Question 11
Domain 1: Fundamentals of AI and MLA company is developing an editorial assistant application that uses generative AI. During the pilot phase, usage is low and application performance is not a concern. The company cannot predict application usage after the application is fully deployed and wants to minimize application costs. Which solution will meet these requirements?
Correct answer: C
Explanation
Amazon Bedrock On-Demand Throughput fits unpredictable demand because it lets you pay only for model usage instead of reserving capacity. Since the company “cannot predict application usage” and wants to “minimize application costs,” this option avoids upfront commitment while meeting low pilot-phase needs.

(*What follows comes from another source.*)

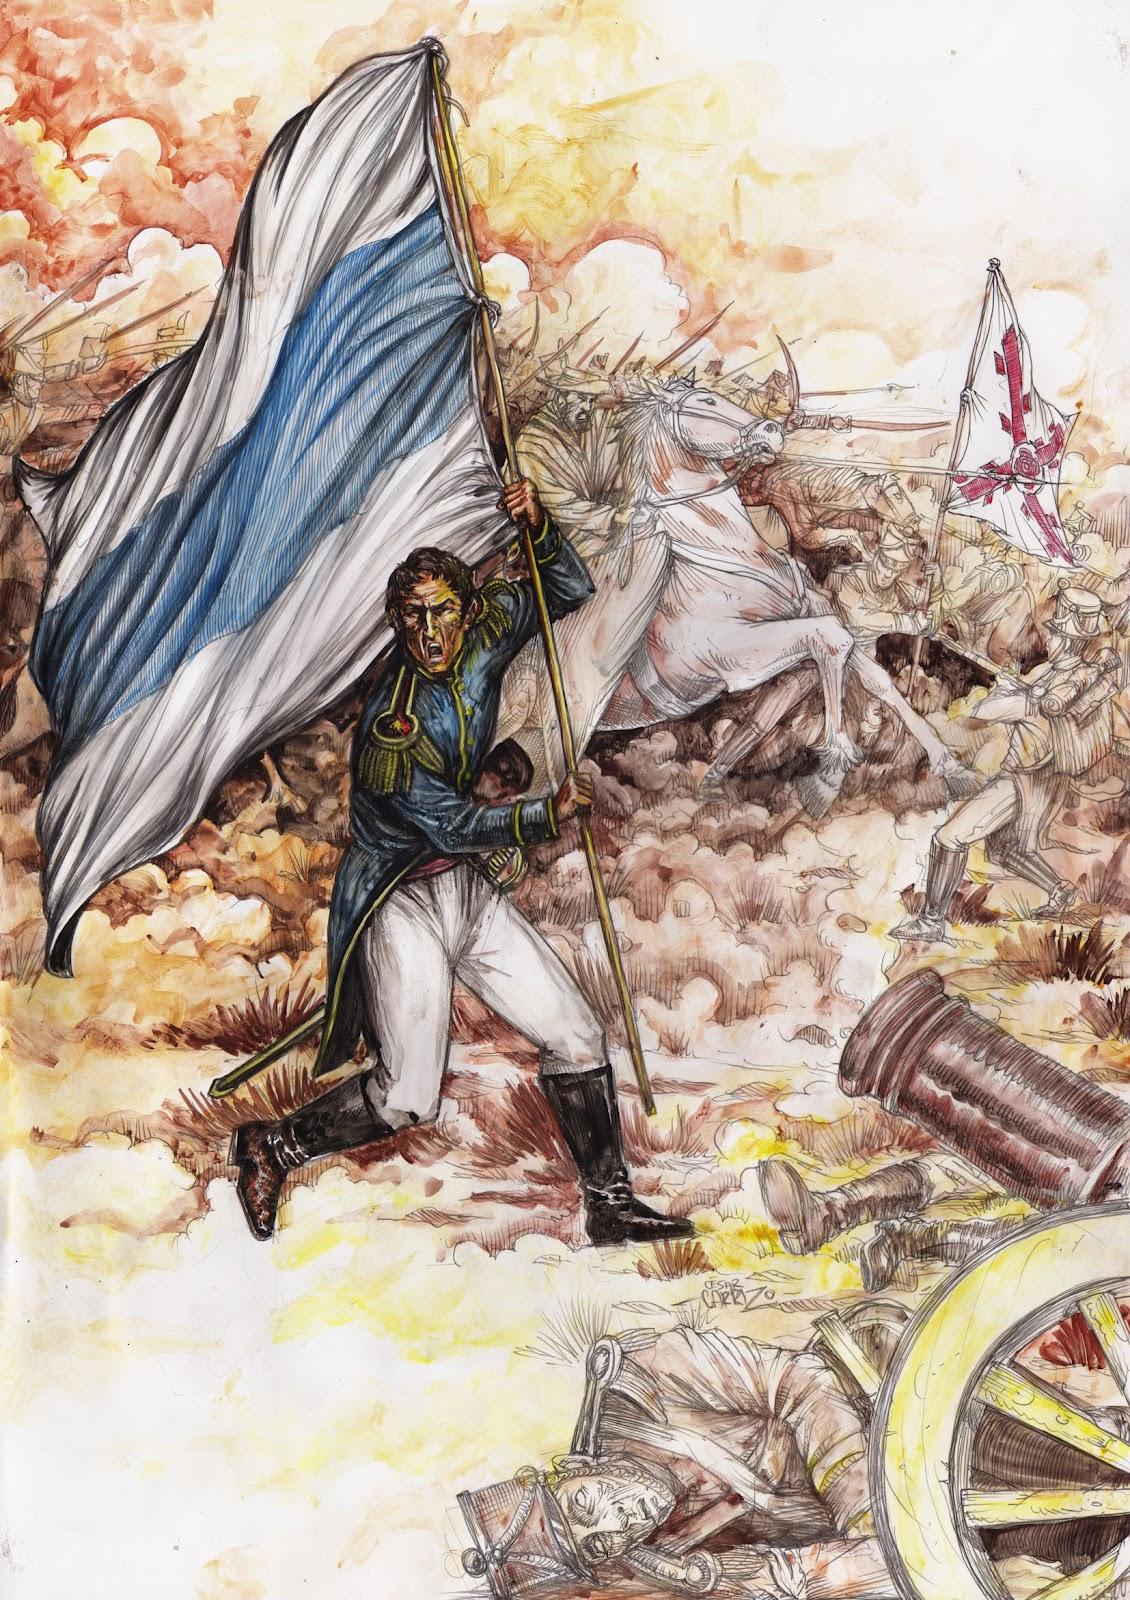 http://1.bp.blogspot.com/-Mrnw2Pfx6Fg/T6uqT4_cOoI/AAAAAAAABK0/TFvhR8l9GL0/s1600/batalla-de-tucuman-bandera-de-macha-final.jpg

Why each option is right or wrong
A. Use GPU-powered Amazon EC2 instances.
EC2 GPUs require you to provision and manage compute, risking idle cost at low usage.
B. Use Amazon Bedrock with Provisioned Throughput.
Provisioned Throughput is for predictable, sustained demand when reserving capacity makes sense.
C. Use Amazon Bedrock with On-Demand Throughput.
Amazon Bedrock On-Demand Throughput is the appropriate choice when traffic is uncertain because it has no provisioned-capacity commitment or minimum spend; you are billed only for the model invocations and tokens actually used. By contrast, Provisioned Throughput requires you to reserve model capacity for a fixed term, which adds cost and is unnecessary here because the pilot has low usage and performance is not a concern.
D. Use Amazon SageMaker JumpStart.
SageMaker JumpStart helps discover and deploy models, but not as the lowest-cost fit for unpredictable inference usage.